Transcribe, word for word, every line from the one containing "マーガレットミッチェルバラバラにする迫害する玉初堂のお香 鳳凰香 30g #685" through the final line of the records, and omit the pictures.

-*-*-

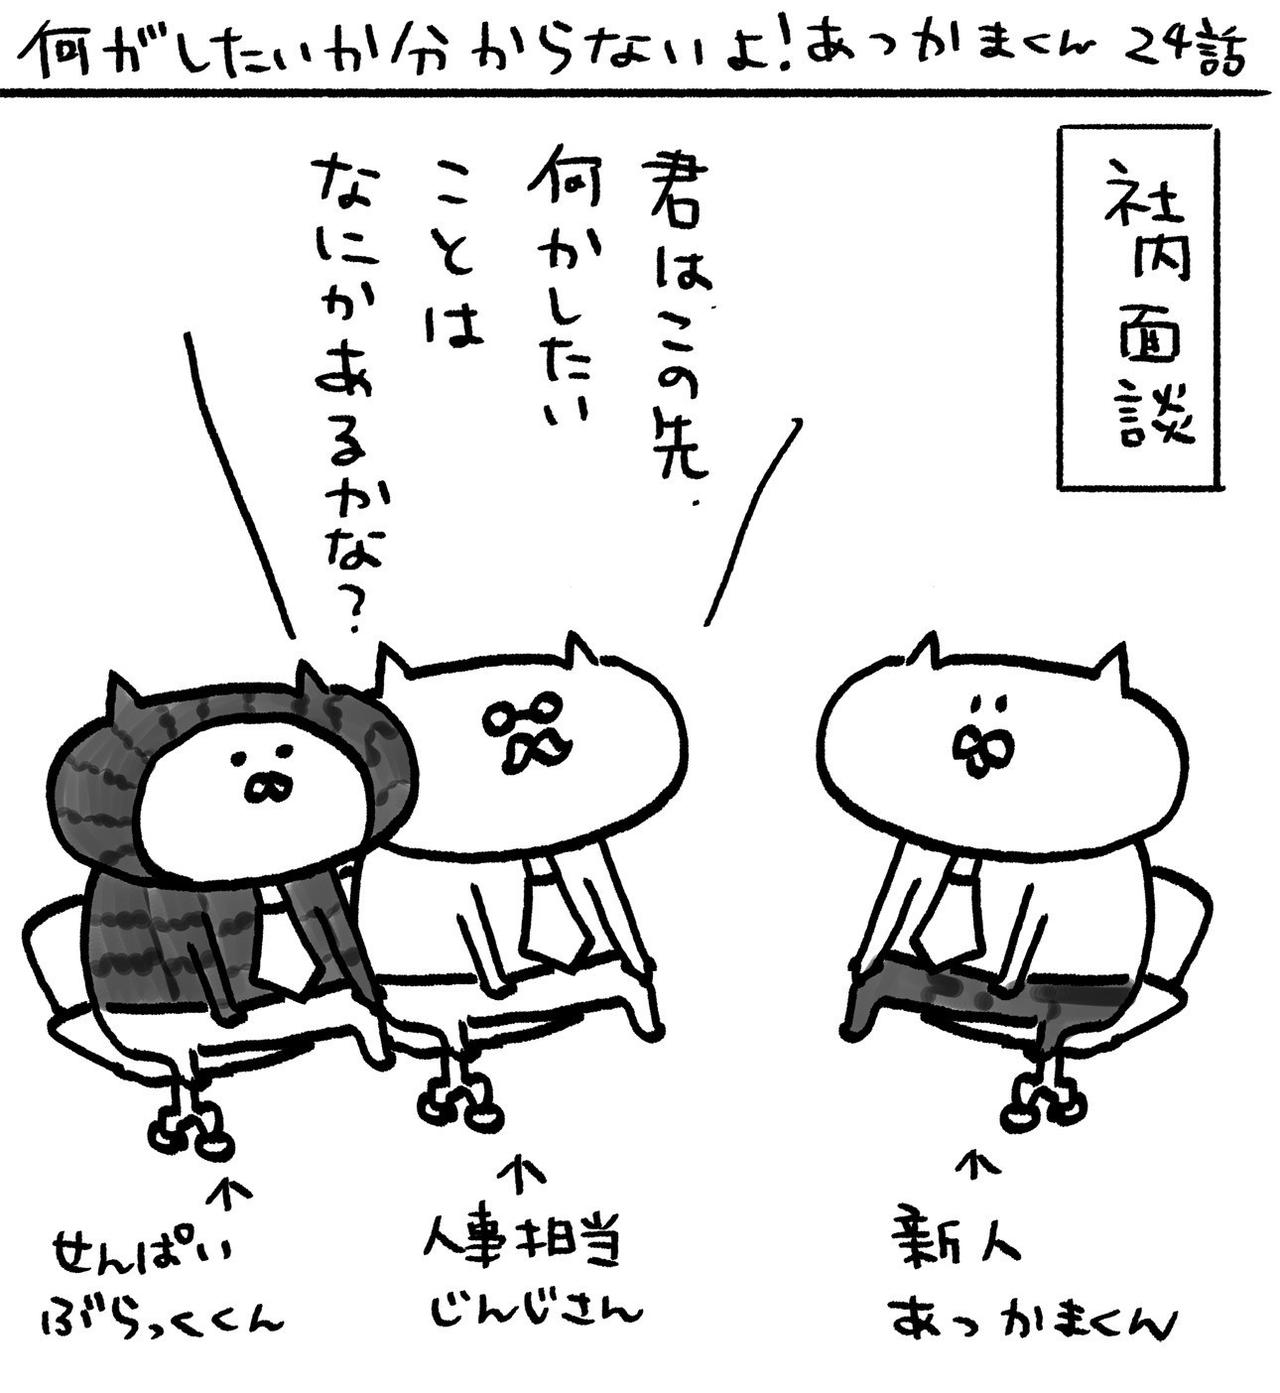 0024ダメリーマン1
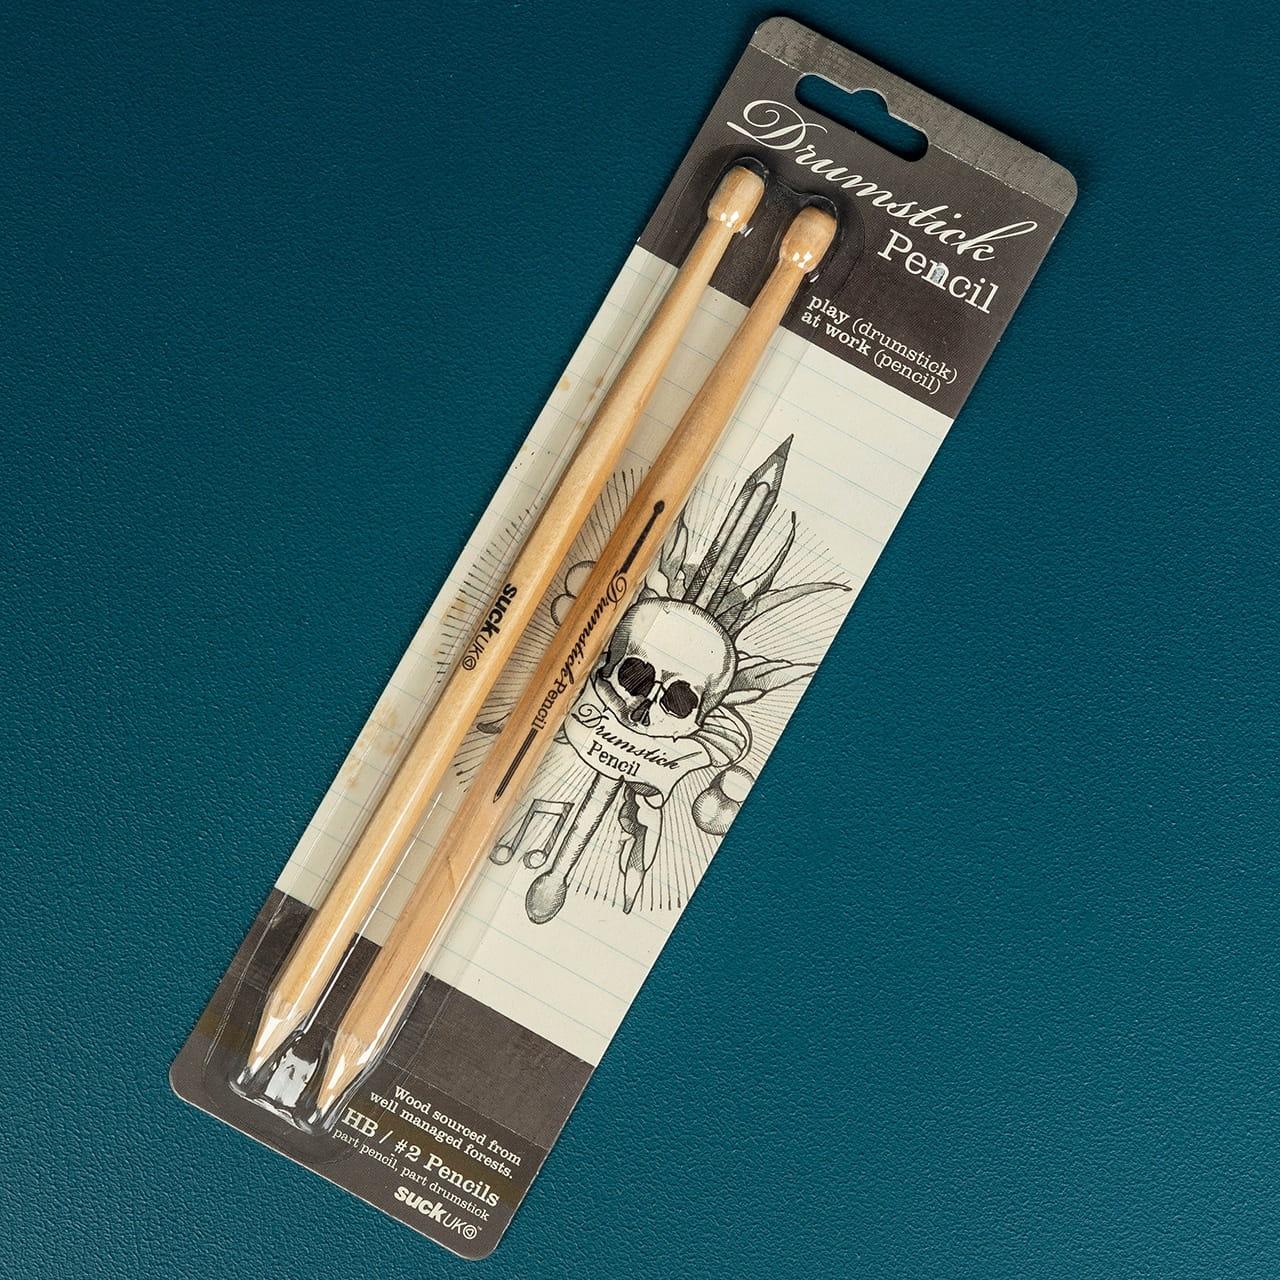 Ołówki pałeczki jako mikołajkowy prezent do 30zł
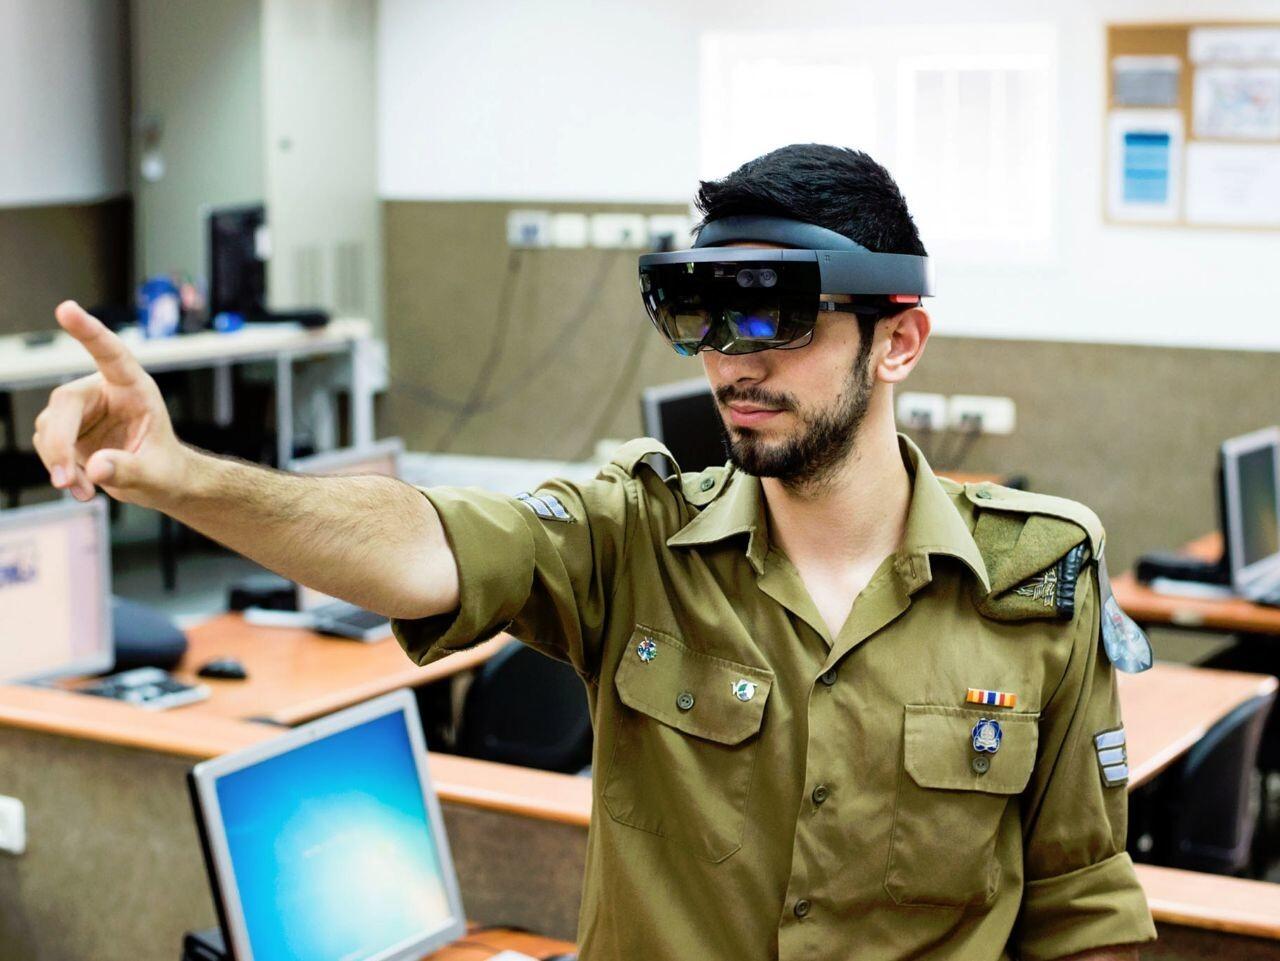 Microsoft оснастит армию США шлемами смешанной реальности на 22 миллиарда долларов
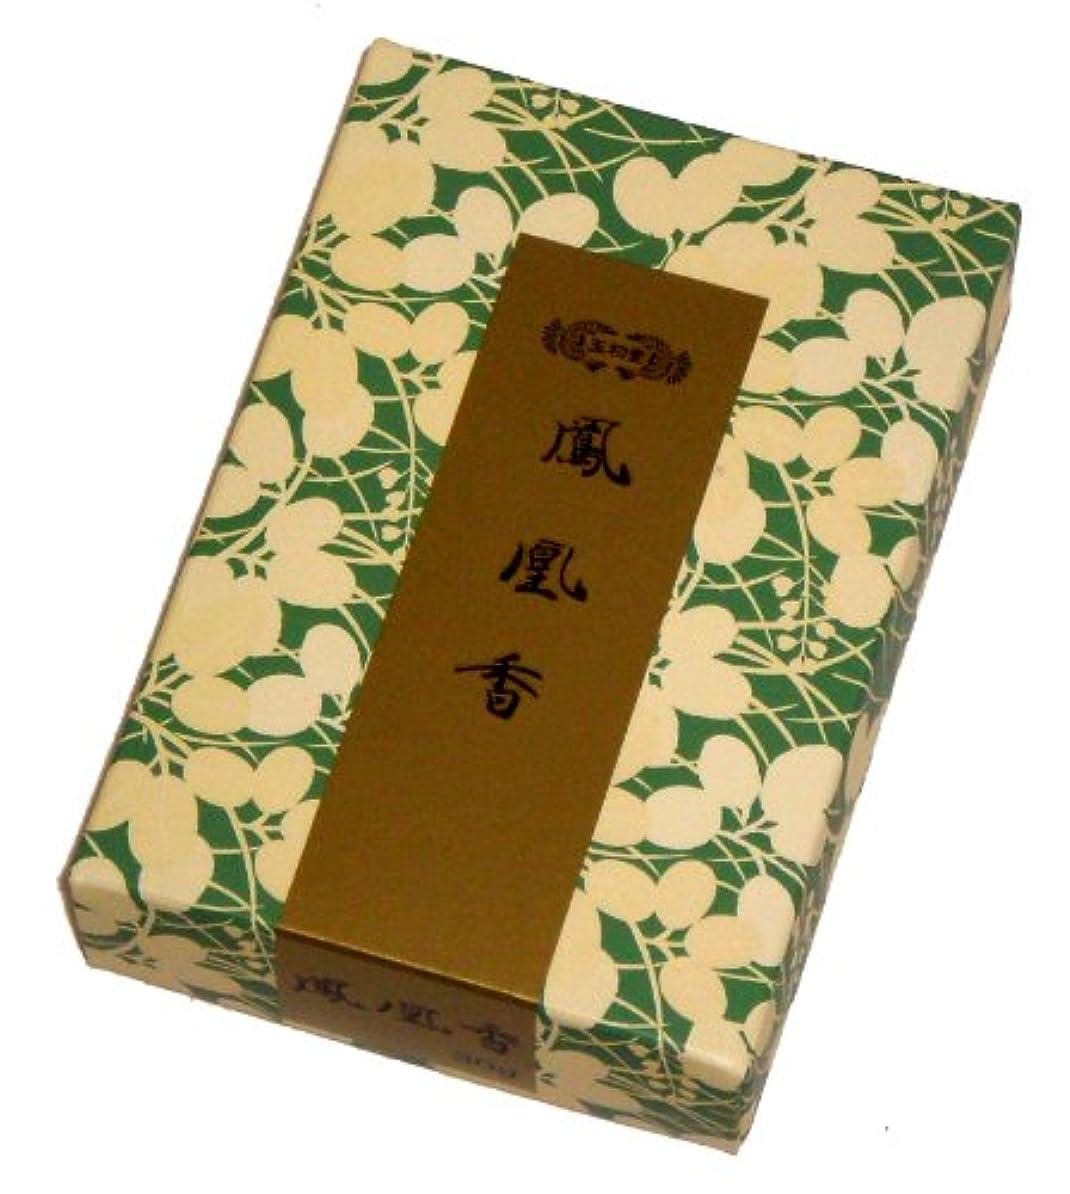 マーガレットミッチェルバラバラにする迫害する玉初堂のお香 鳳凰香 30g #685
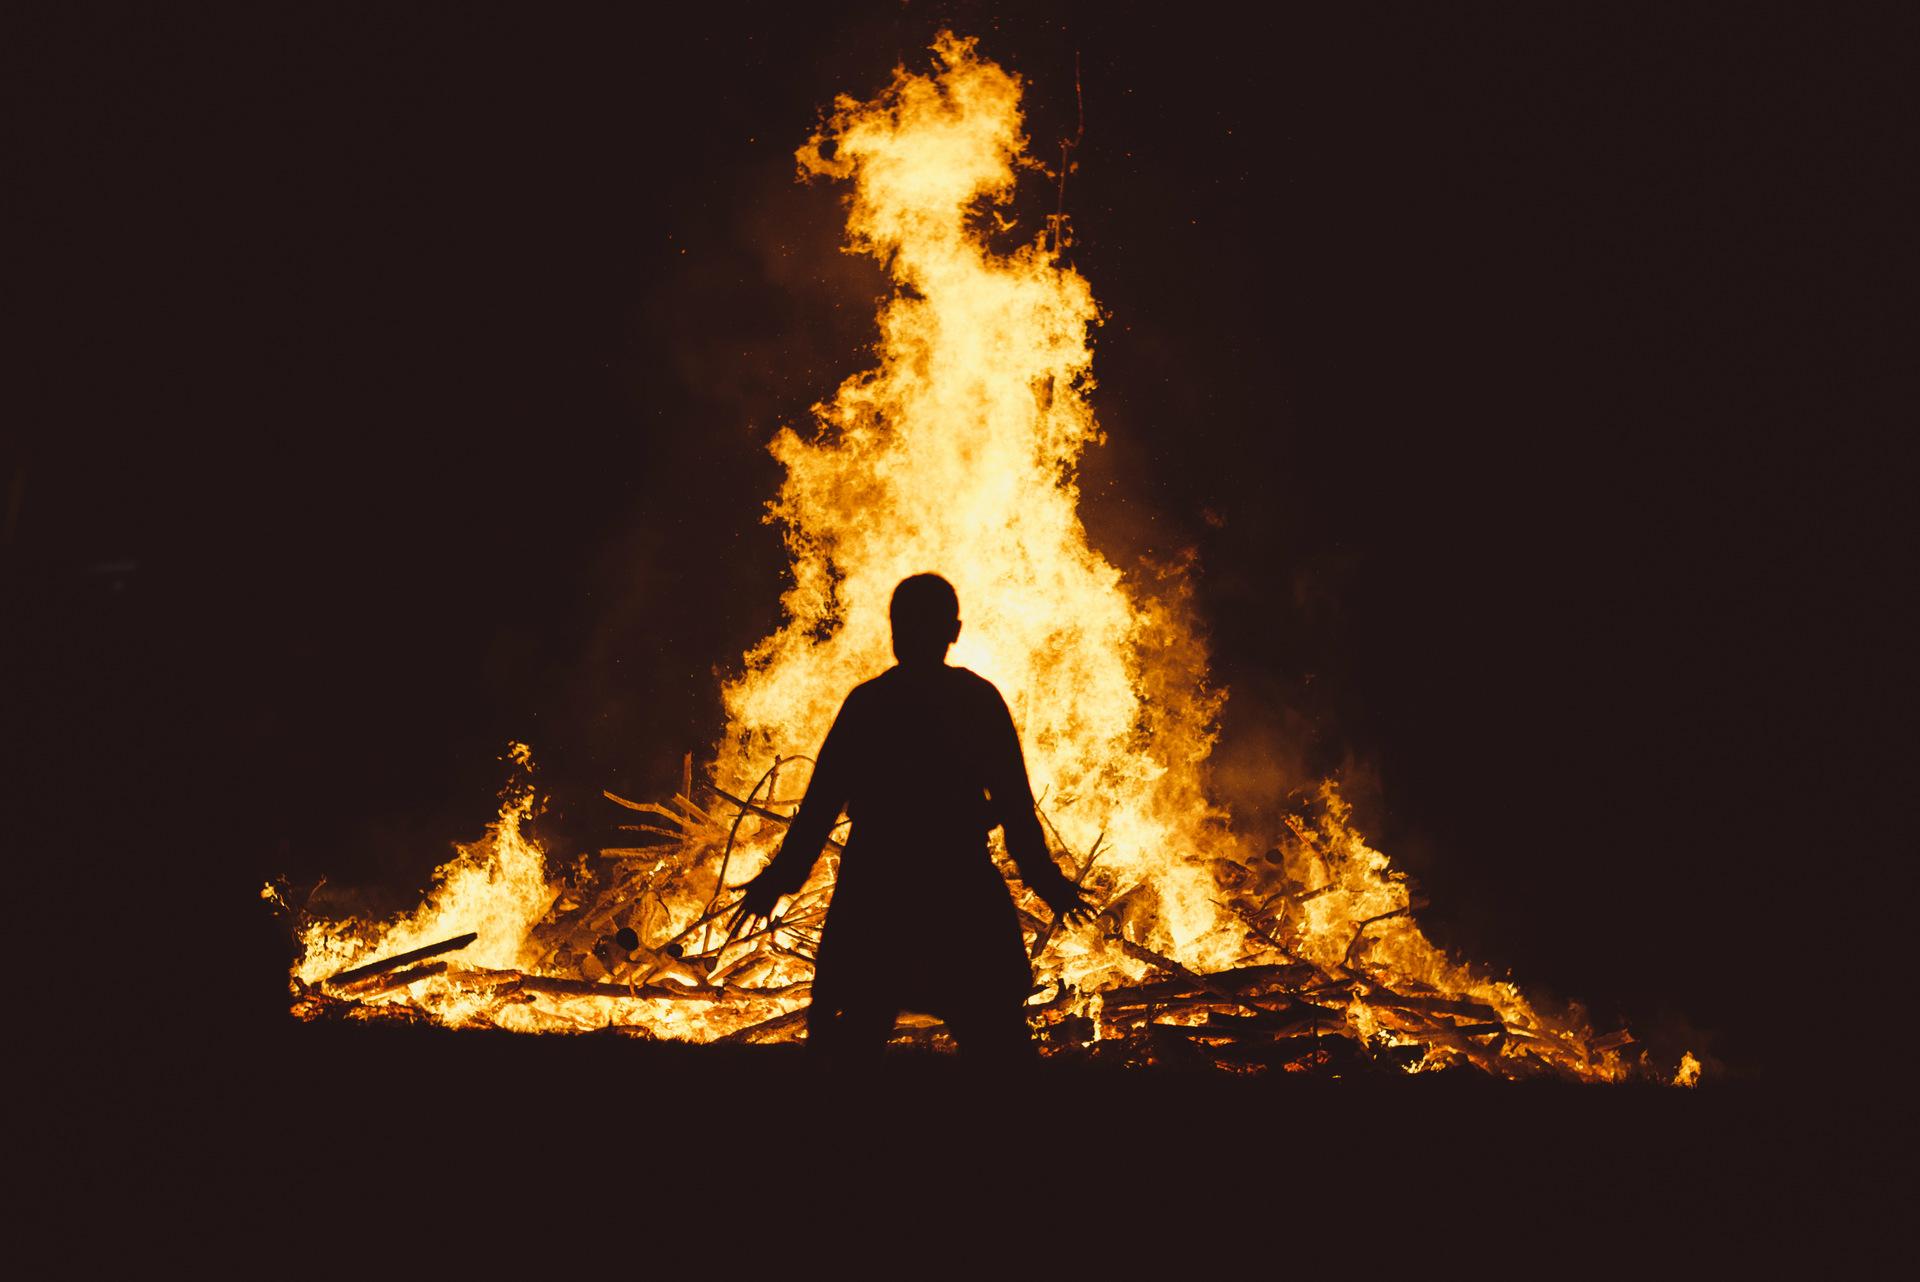 kresovanje ognisko

-*-*-

**Written solution:**
 マーガレットミッチェルバラバラにする迫害する玉初堂のお香 鳳凰香 30g #685
 kresovanje ognisko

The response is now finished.